◆ **TASK DETAILS**
Apart from the pictures, everything in the lines below must be printed exactly.

◆ **RAW DATA**
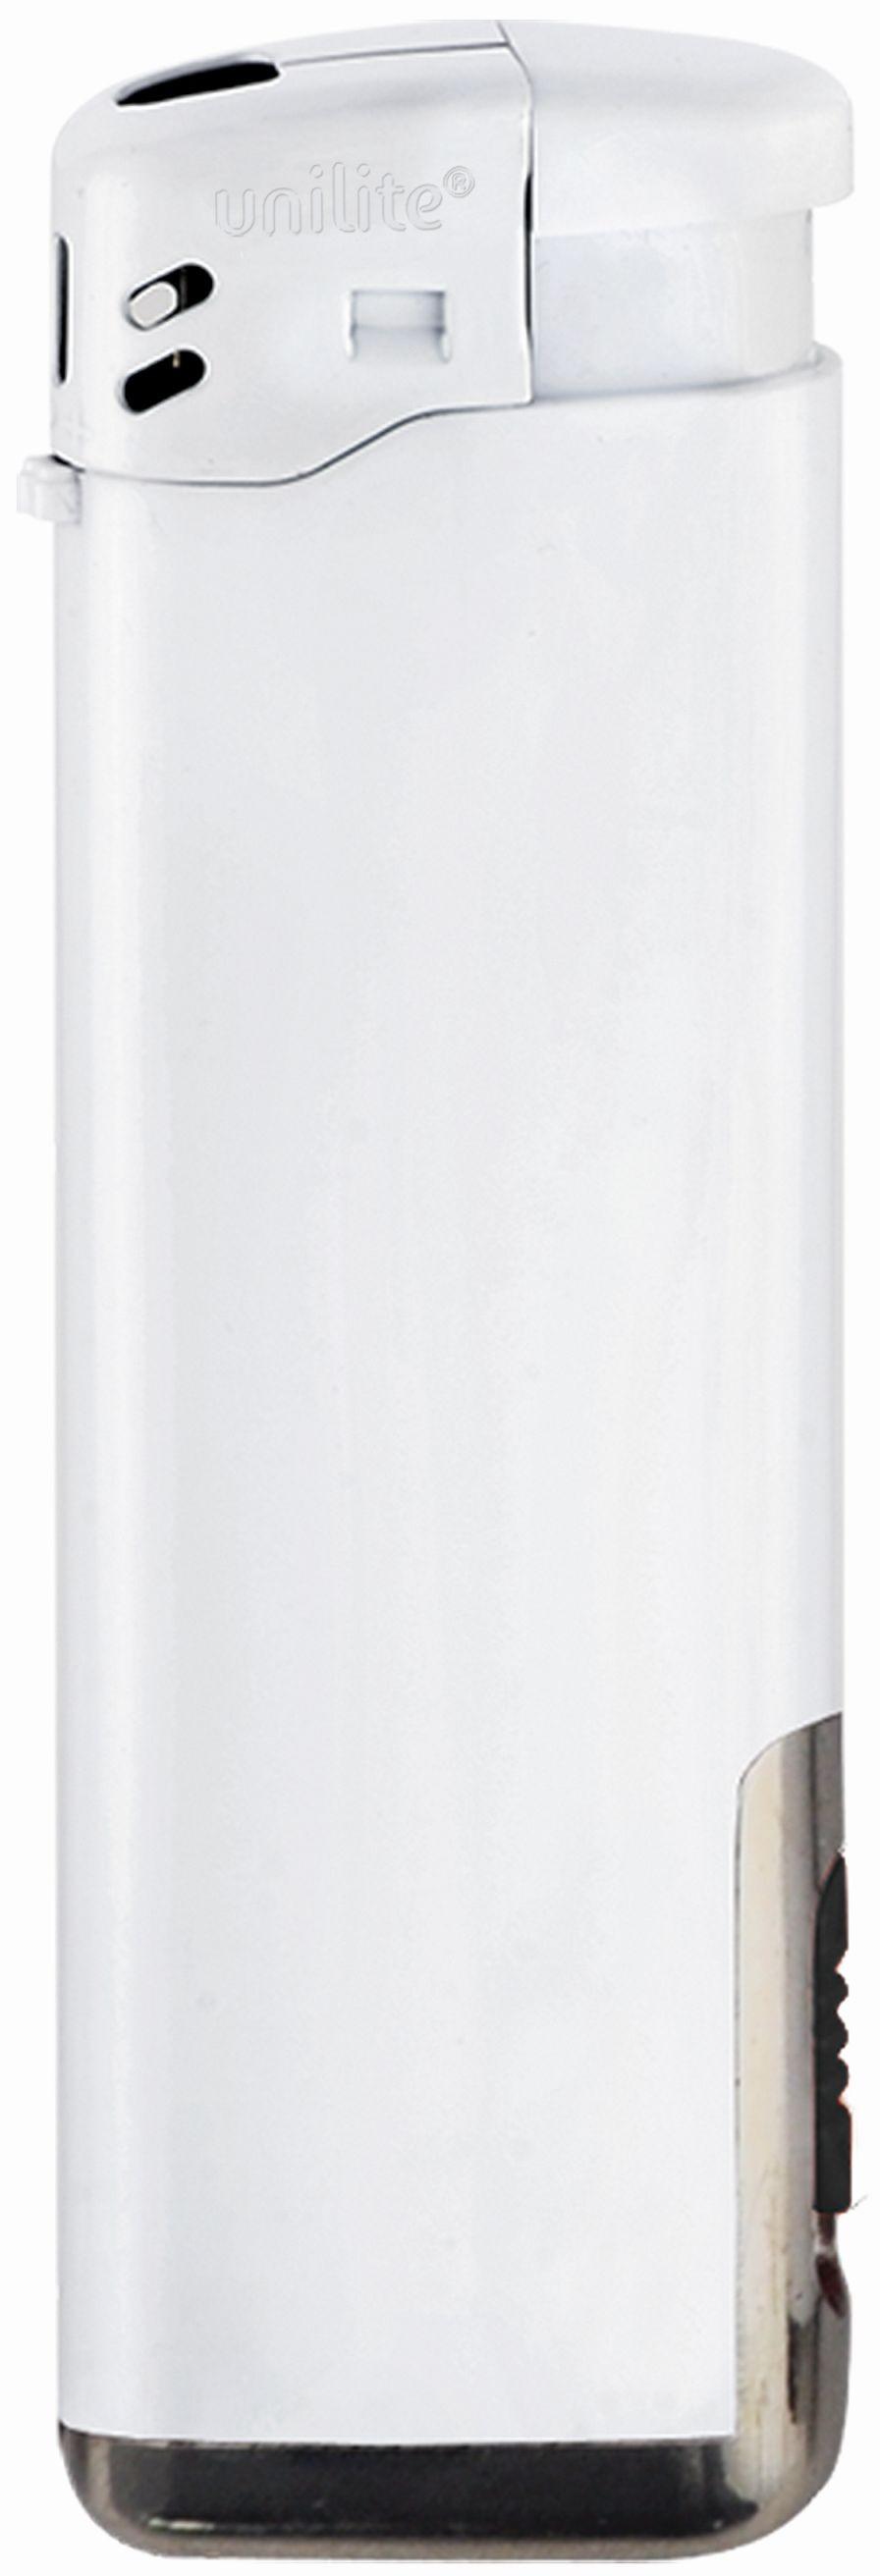 unilite® U-886 LED Elektronik-Feuerzeug
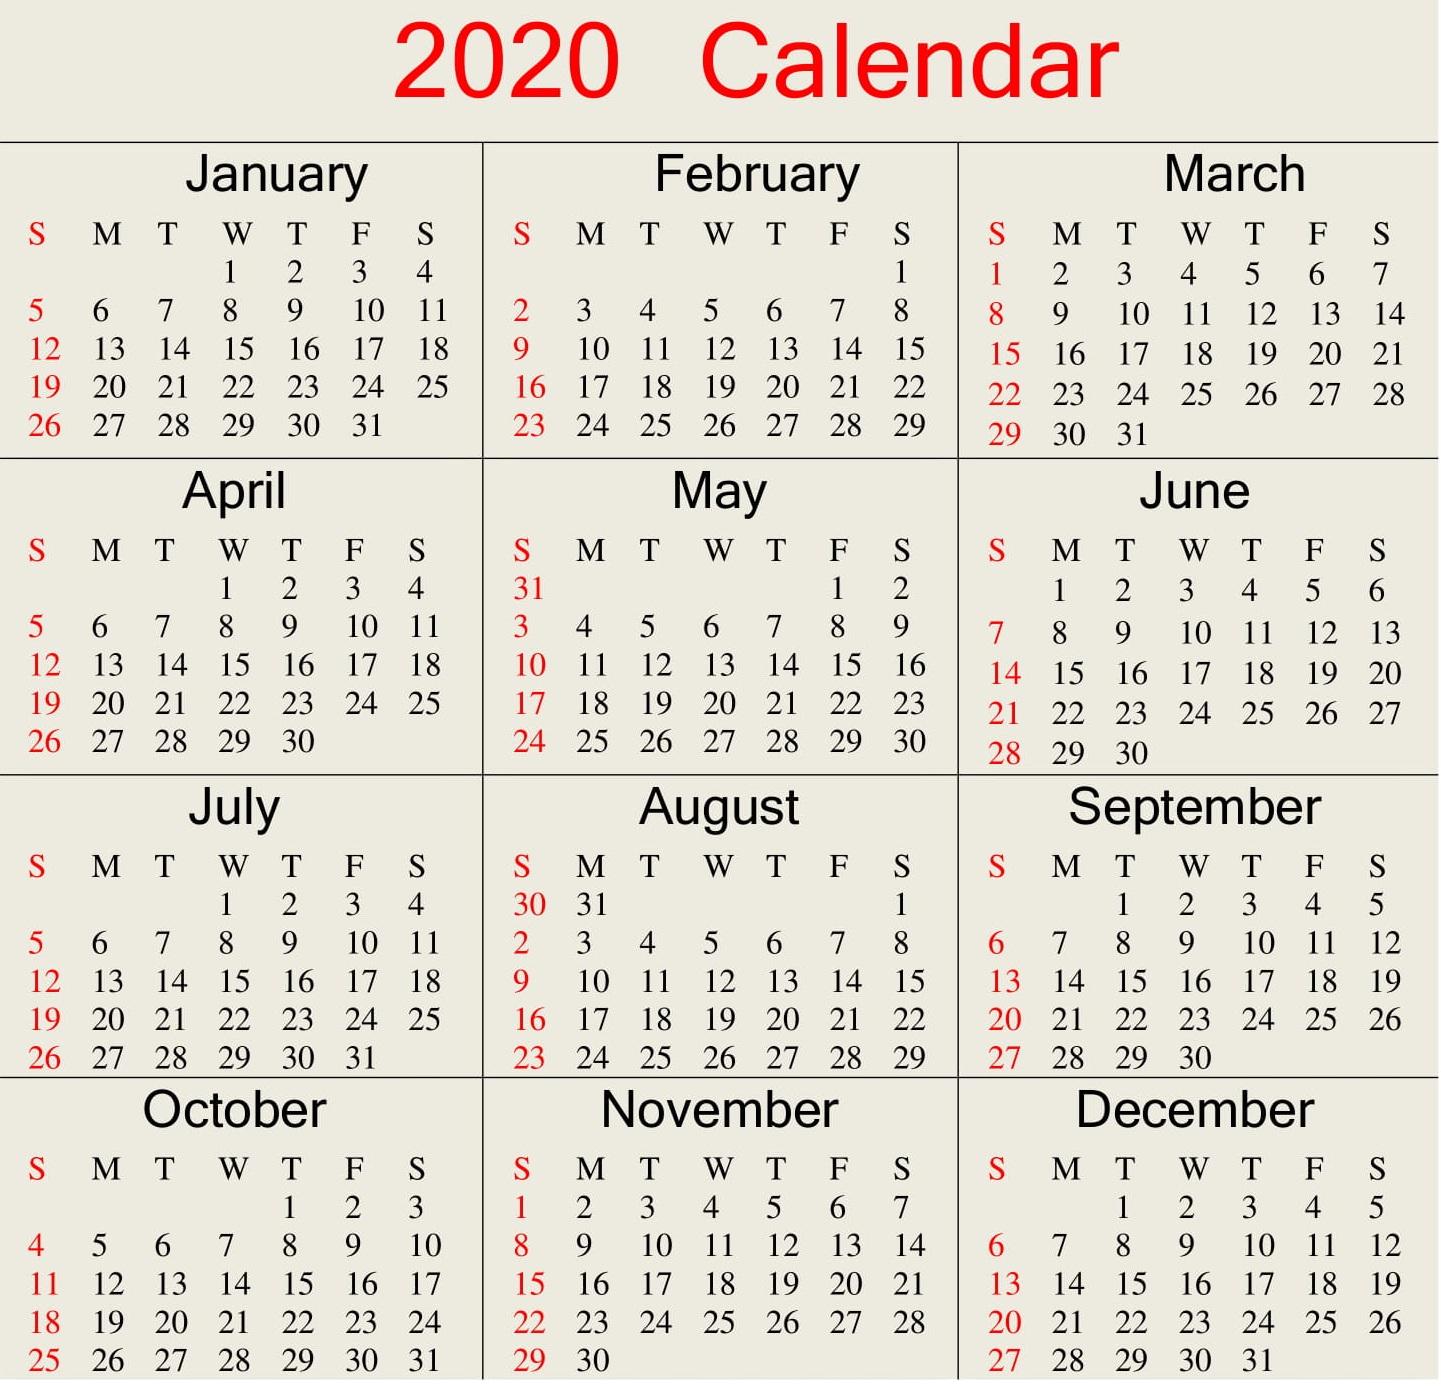 Printable 2020 Calendar Word Document  Latest Printable regarding Julian Date Calendar 2020
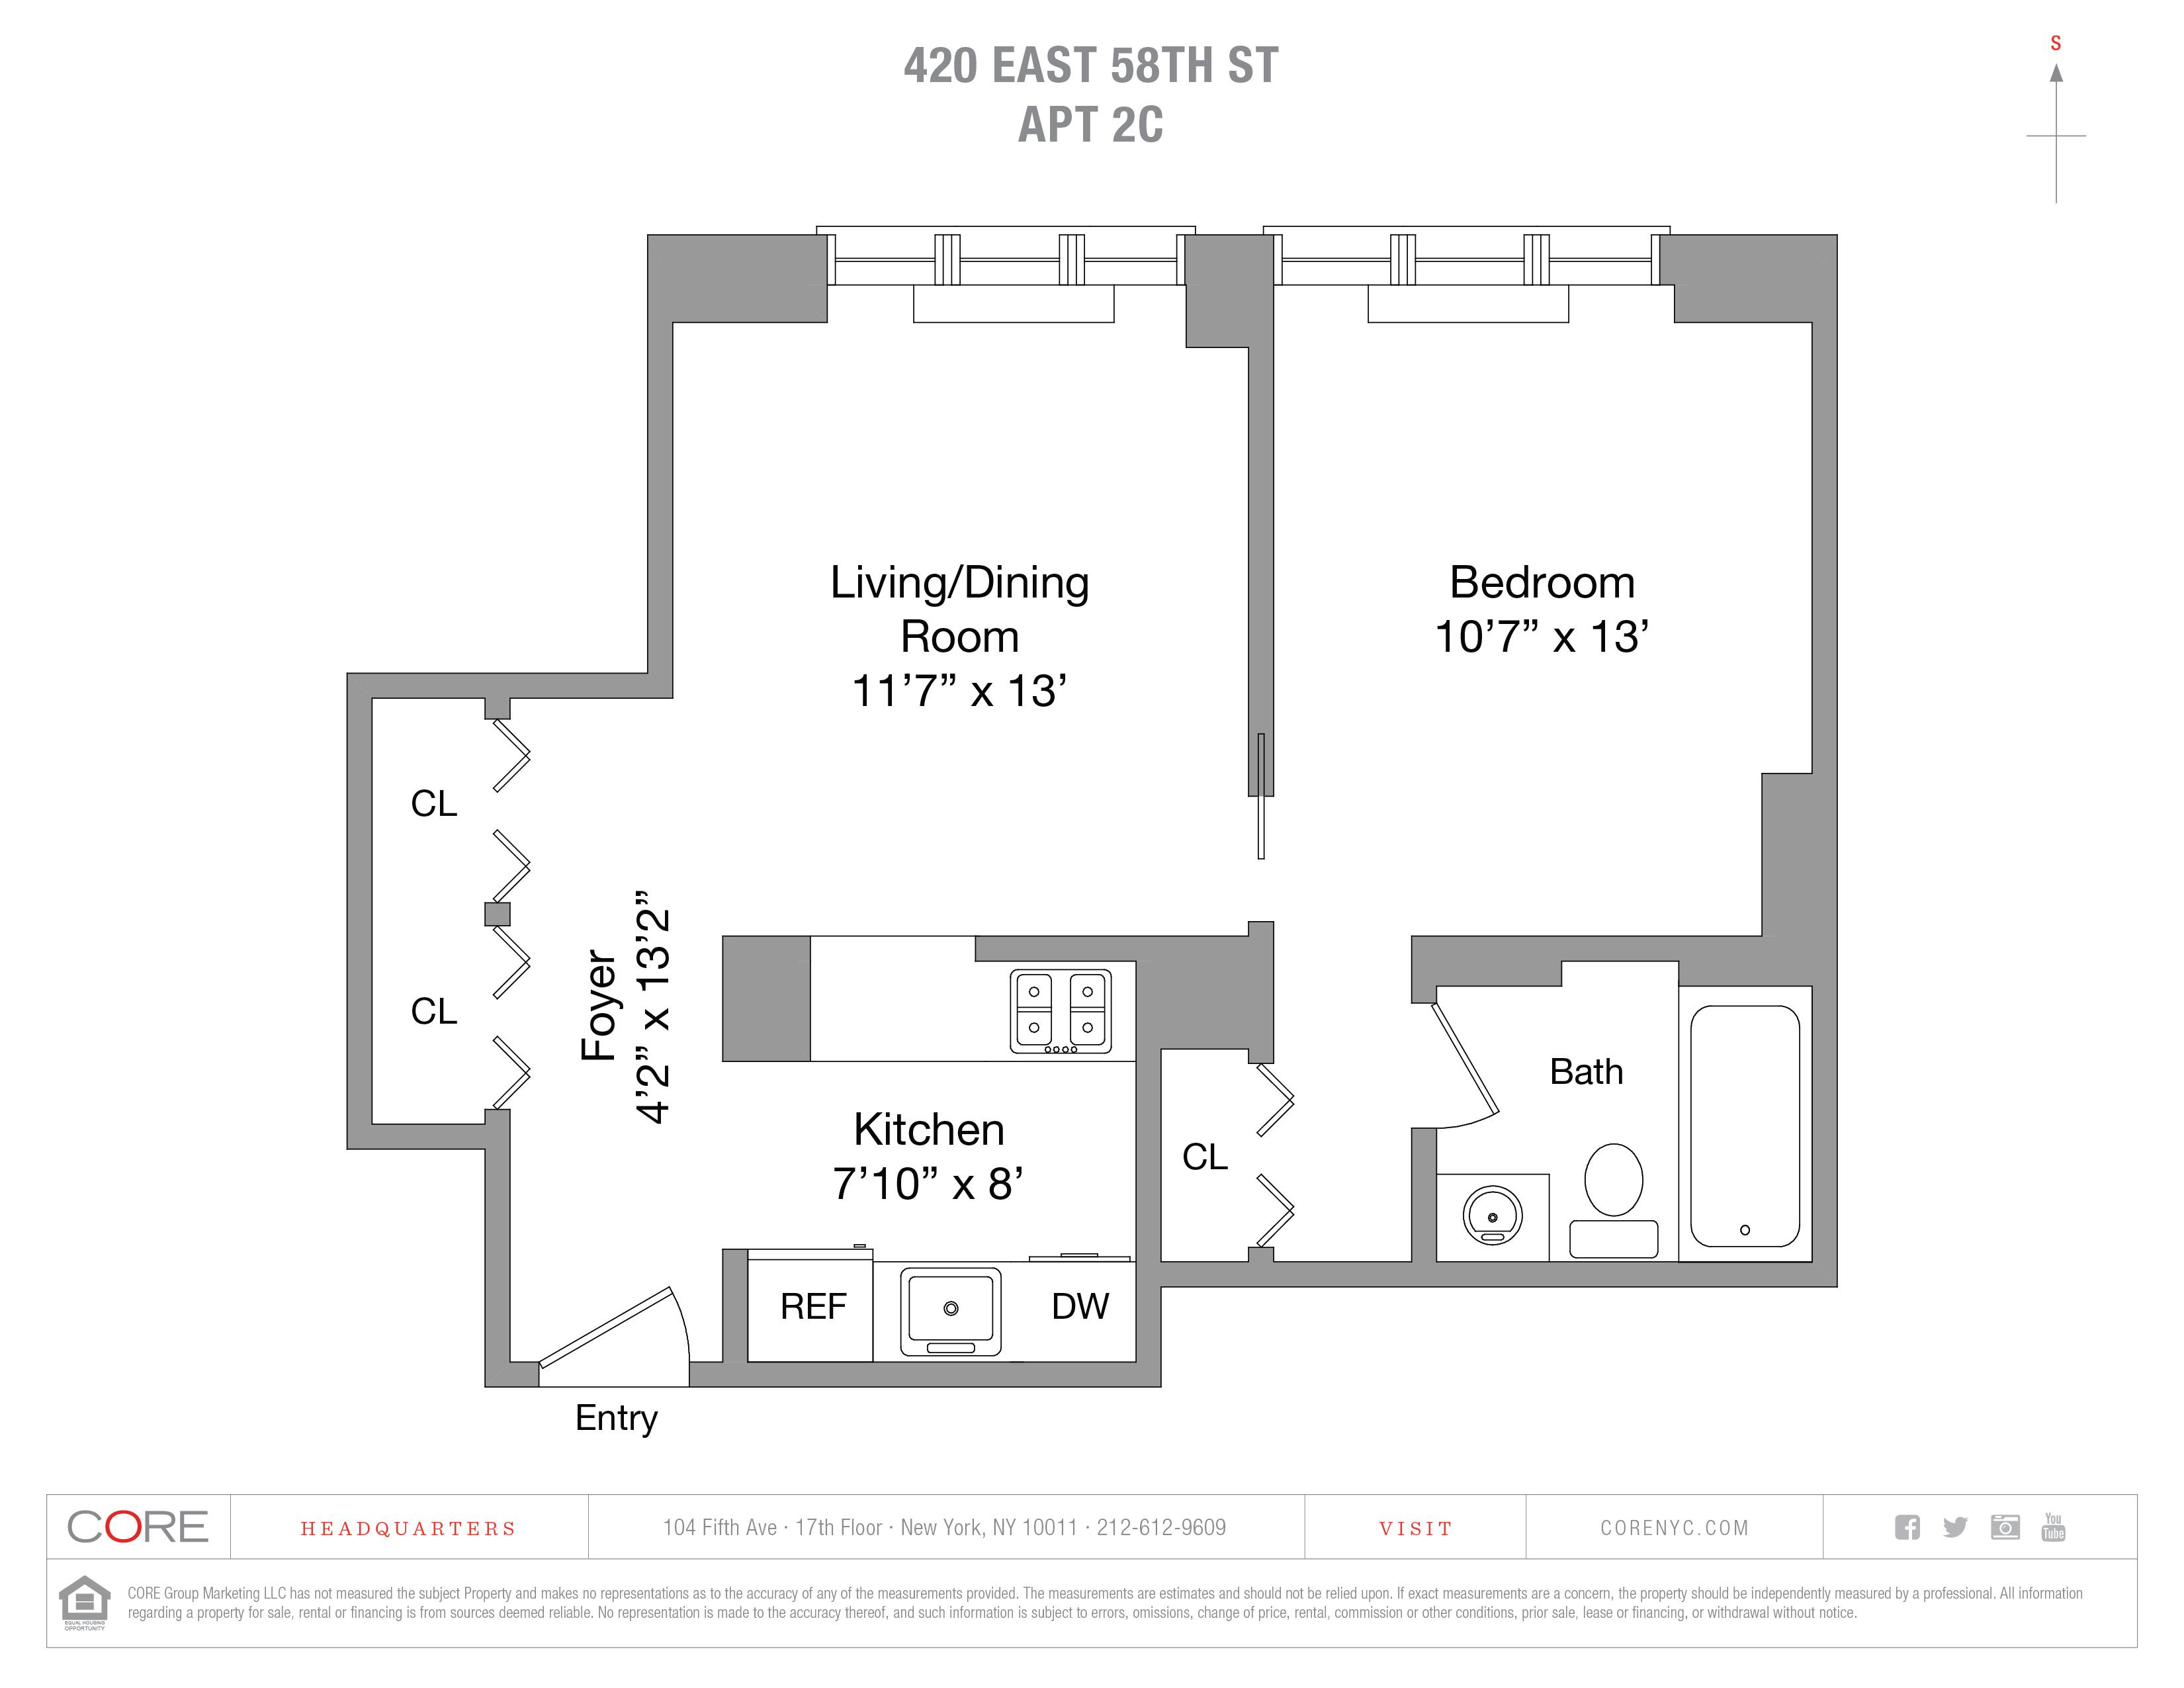 420 East 58th St. 2C, New York, NY 10022

◆ **RESPONSE TO THIS EXERCISE**
 unilite® U-886 LED Elektronik-Feuerzeug
 Printable 2020 Calendar Word Document  Latest Printable regarding Julian Date Calendar 2020
 420 East 58th St. 2C, New York, NY 10022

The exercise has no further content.